I would argue this is potentially an issue impacting many training runs for many users. Therefore there should be both a way to avoid this issue and also a warning message or error to prevent people training unaware of it.

RUFFY-369 commented 3 months ago

it seems that the data_seed argument is not used but should be able to set the seed here for the random sampler

Hi @ri938 you are right, the class variable data_seed is not used and set_seed is used for both data sampling and training.

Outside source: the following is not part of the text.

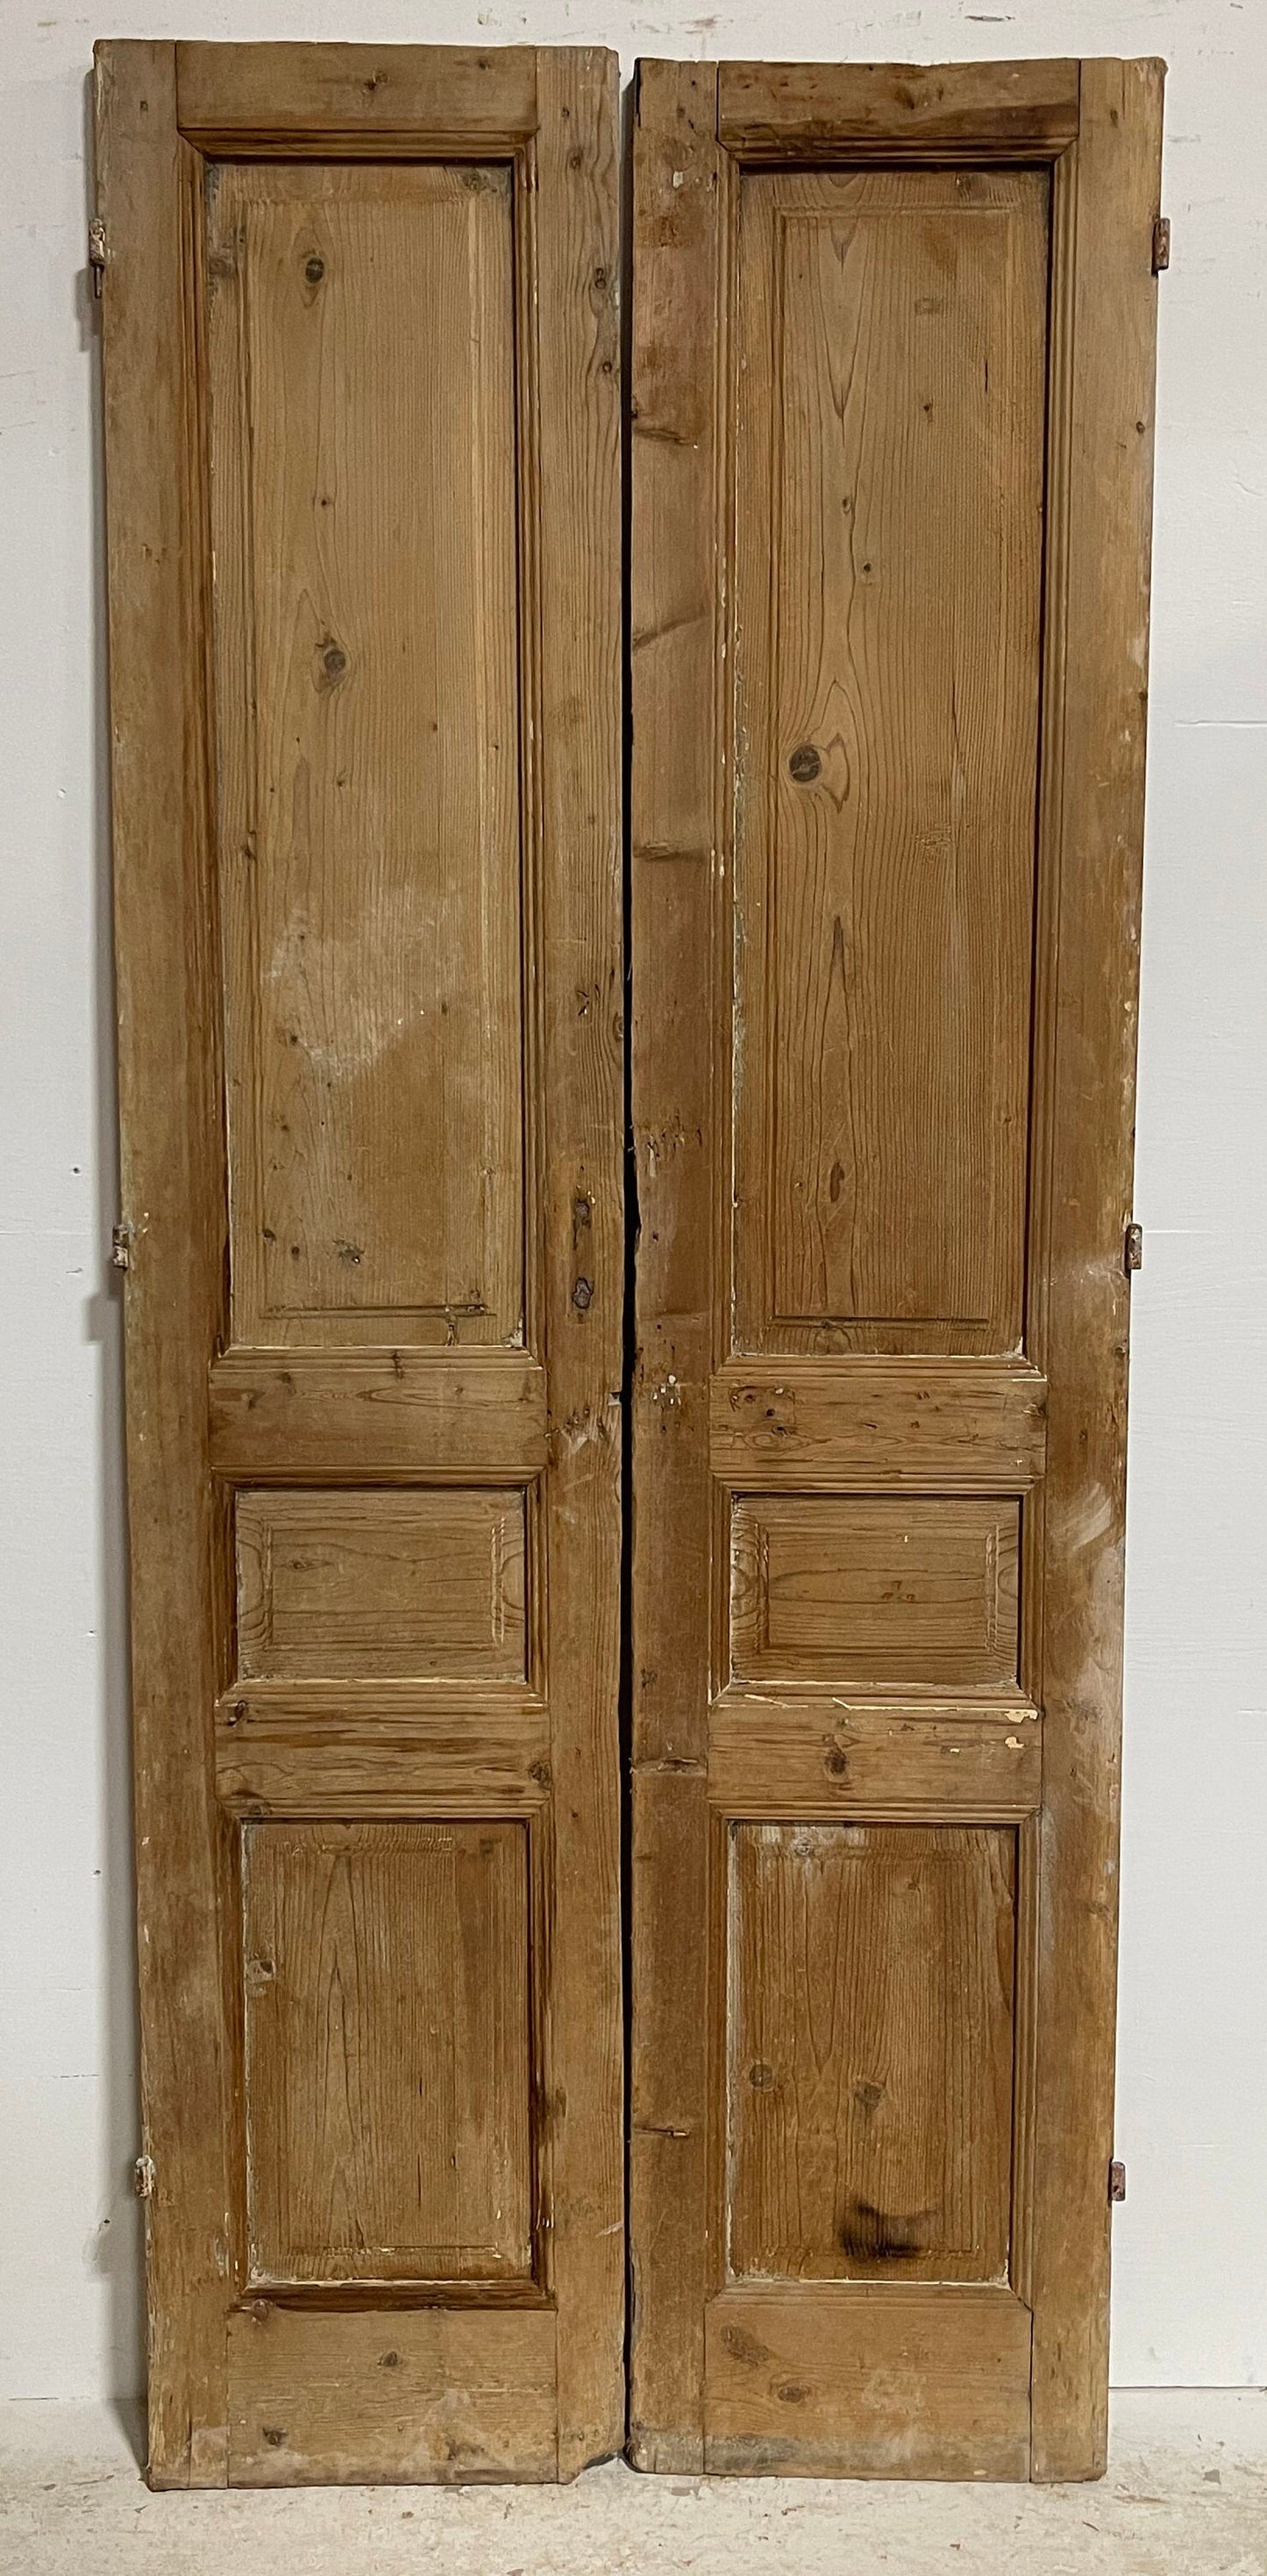 Antique French panel doors (90x37.25) H0063(B)s

Please refer the discussion in the #31255 issue

ri938 commented 3 months ago

Yes, I was suggesting that if we used data_seed for the data sampling then this could be used to fix this issue. But this would break backwards compatibility.

Here is another image to illustrate the problem. When training gpt2 the gradient norms are huge when you use the same seed for each device. But when you vary the seed for each device its more sensible.

W B Chart 12_06_2024, 22_02_30 (1)

ri938 commented 3 months ago

This is the workaround I am using to fix this issue

I am adding a callback


class SeedDeviceRandomlyCallback(TrainerCallback):

    def on_train_begin(self, args, state, control, **kwargs):
        global_rank = int(os.environ['RANK'])
        new_seed = args.seed + global_rank
        print('Setting torch seed to {} on device {}'.format(new_seed, global_rank))
        torch.manual_seed(new_seed)

Because you have to set the seed to be different after get_train_dataloader has been called in order to not break data ordering.

ri938 commented 3 months ago

After applying just this one callback. This is a demonstration of how much it improved performance

W B Chart 14_06_2024, 17_51_16

W B Chart 14_06_2024, 17_51_30

ArthurZucker commented 3 months ago

Would be nice to have this merged then!

ArthurZucker commented 1 month ago

@ri938 do you want to open a PR with your proposed changes?

github-actions[bot] commented 2 weeks ago

This issue has been automatically marked as stale because it has not had recent activity. If you think this still needs to be addressed please comment on this thread.

Please note that issues that do not follow the contributing guidelines are likely to be ignored.